Trial Direction Sampling
Trial geometry generation begins by choosing directions on the unit sphere. This spatial sampling problem is independent of the element types and should be assessed separately from molecular rotation and local optimization.
Benchmarking
Run the coverage benchmark with:
pyar-benchmark-orientations -N 8 12 20 28
The table reports:
min_sep_deg: smallest angular separation between sampled directions. Higher values reduce duplicate approaches.cover_radius_deg: approximate worst unsampled angular gap, measured on a dense deterministic reference grid. Lower values indicate better full-sphere coverage.mean_cover_deg: average angular distance to the closest sampled direction. Lower values are better.centroid_norm: directional imbalance. Values near zero are preferred.
Methods
fibonacci is deterministic equal-area spherical Fibonacci sampling.

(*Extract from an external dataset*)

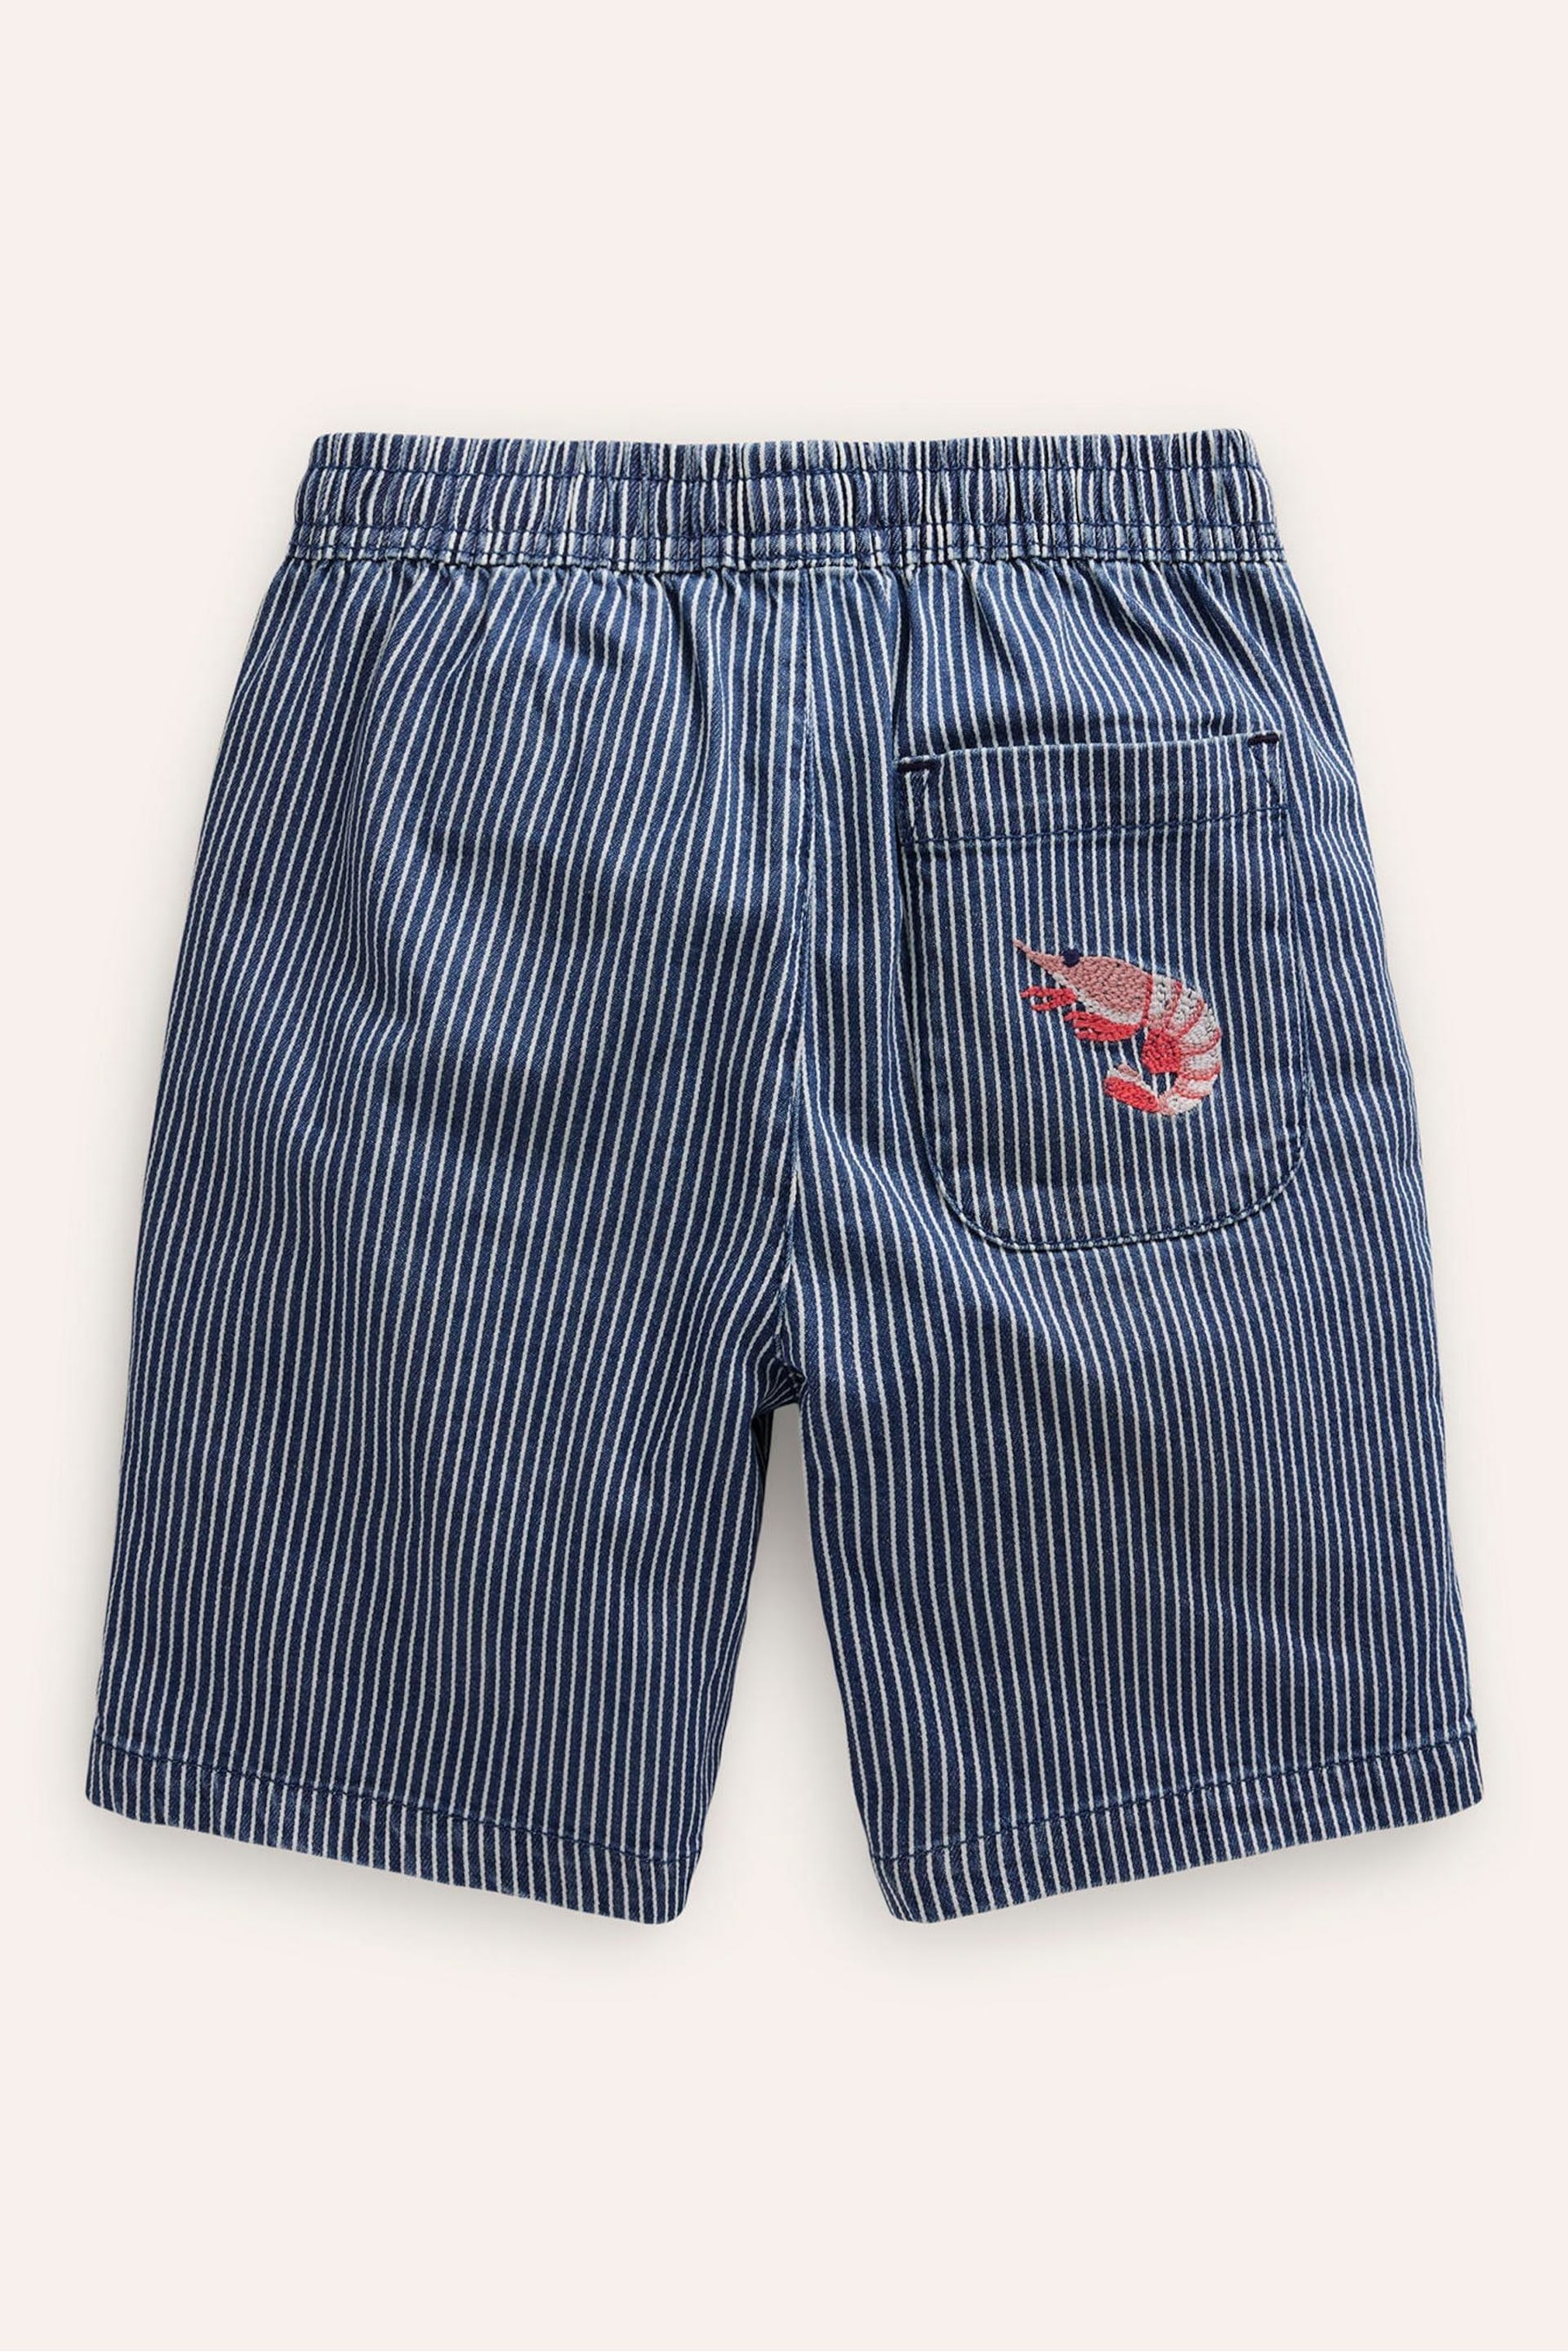 Boden Blue Superstitch Shorts - Image 2 of 3

lhs and random are randomized baselines. lhs_maximin and
fibonacci_maximin select a farthest-point subset from an oversized
candidate pool.
The aggregate workflow default uses spherical Fibonacci placement directions. For multi-atom monomers it pairs those directions with deterministic low-discrepancy quaternion rotations, converted to the existing Euler-angle rotation API.
Standalone commands that request multiple generated populations use a
deterministic sequence_offset for each population. This retains
reproducibility while avoiding repeated copies of the same point design.
The implementation is exposed by pyar.trial_generation and the
pyar-trial-generation command.
Literature Basis
Spherical Fibonacci point sets are established deterministic point sets for nearly uniform sampling on the unit sphere and can be generated for arbitrary numbers of points:
R. Marques, C. Bouville, M. Ribardiere, L. P. Santos, and K. Bouatouch, Spherical Fibonacci Point Sets for Illumination Integrals, Computer Graphics Forum 32 (2013) 134-143, DOI: 10.1111/cgf.12190.
B. Keinert, M. Innmann, M. Saenger, and M. Stamminger, Spherical Fibonacci Mapping, ACM Transactions on Graphics 34 (2015), article 193, DOI: 10.1145/2816795.2818131.
The present benchmark focuses on separation and approximate covering radius because PyAR needs directionally distinct approaches with no large unsampled region of the sphere.